Health Benefits Almost Give Woman Heart Attack

Sheila Carmody is a Content Specialist in  Internet Marketing

Sheila Carmody is a Content Specialist in Internet Marketing

In 1986, I was sitting at my desk at work when the phone rang. I picked it up and on the other end was someone from my health insurance company, health benefits I had through my employer. It was Friday and on Monday I was scheduled to go into the hospital for a pacemaker.

Right about now you’re expecting me to say they wanted to make sure I was all set for the procedure. Nope: they wanted to make sure I knew it wasn’t covered by health insurance because it was a preexisting condition. Apparently, in a previous lifetime I’d had heart block.

I was shocked. And it’s a shock that continues to reverberate in 2013 in every cell in my body. So when for example I get a notice in the mail telling me my health benefits will be terminated at the end of the year and I’ll have to buy my insurance from the new health exchange — I panic. I hyperventilate. Tears come to my eyes. It happens every time I feel my health insurance is in jeopardy because I know what can happen. Even if for only five minutes I am without health benefits the next time I need a pacemaker “they” can say: Oh well, too bad for you. That has been my experience. That and the experience of being “DENIED” when I first graduated from college and tried to buy health benefits on the open market.

I saw the same panic I experience on the face of then senator Barack Obama when he spoke briefly about his mother’s cancer diagnosis and the panic he saw in her eyes when a change in jobs threatened her treatment. I knew I had a compadre in the future President of the United States. I also knew he would fight to the death on this one. To this day, if you look closely you can see the pain and fear — and anger — in his face when he talks about health insurance reform because he is experiencing similar panic, albeit posthumously.

So now as a result of an employer moving to the mid-west, I run a independent Internet Marketing business called Guaranteed Press and I buy my own health benefits. I was lucky because I live in New York State and the preexisting condition caveat has been unlawful for a while, even before the Affordable Care Act. So when my employer moved I could briefly buy health benefits that I have been able to hold on to at a reasonable cost even as I progressed as an independent communications professional with Guaranteed Press.

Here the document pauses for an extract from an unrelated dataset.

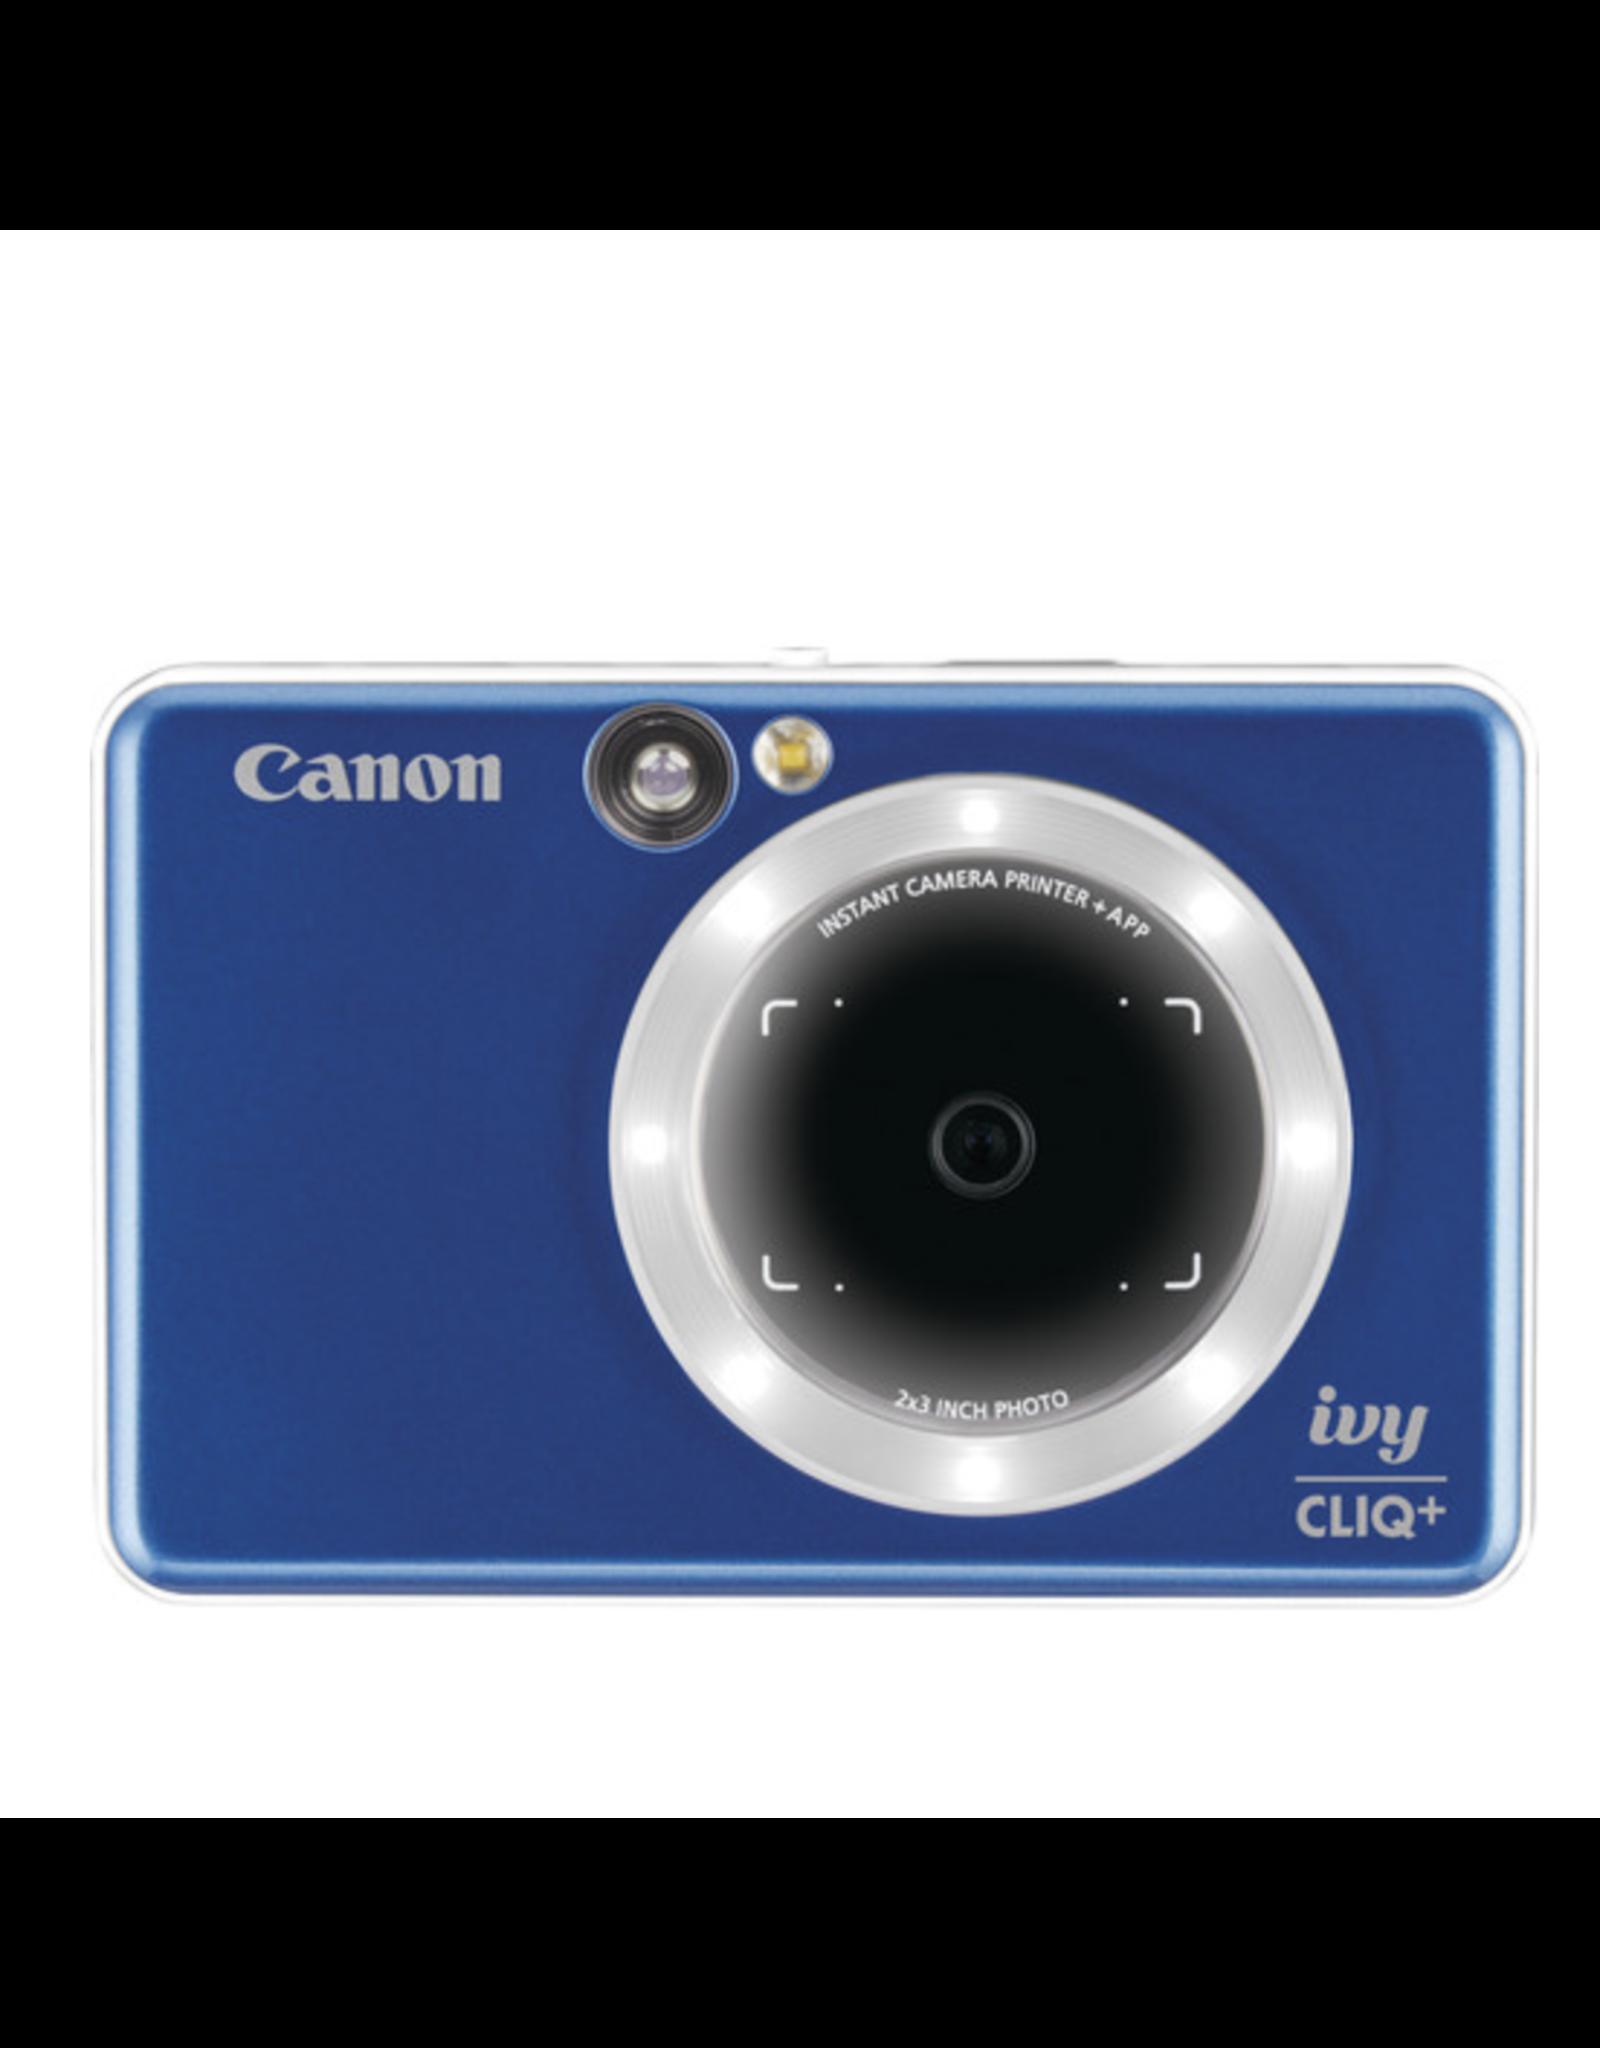 Canon Canon IVY CLIQ+ Instant Camera Printer (Sapphire Blue)

Now, I’m back to wondering what happens in October when the plans are supposed to be available for viewing on the Health Benefit Exchange website. I will need to purchase a plan so they better not try to pull anything on me. I know what they’re capable of and I live in fear of it to this day. This is not say I have not been treated very well by my current insure, which I pay for through Healthy New York. The question is how much will it cost, will it be affordable care, and what happens the next time I need a pacemaker?

Stay tuned.

Sheila Carmody received her pacemaker (her cardiologist twisted the arm of the health insurance company) and has received four more since 1986, one recently at St. Peter’s Hospital in Albany, NY.  St. Peter’s has some very skilled and caring people working there. Thanks Marion, Bob, Becky, Shy, (the two nurses between 10a.m. and 7 a.m. whose names I can’t remember cause of anesthesia), Reuben, the young tech, the secretary Jackie and Nurse Sarah, who got me out of there by noon. Oh, and Sosa-Suarez, MD.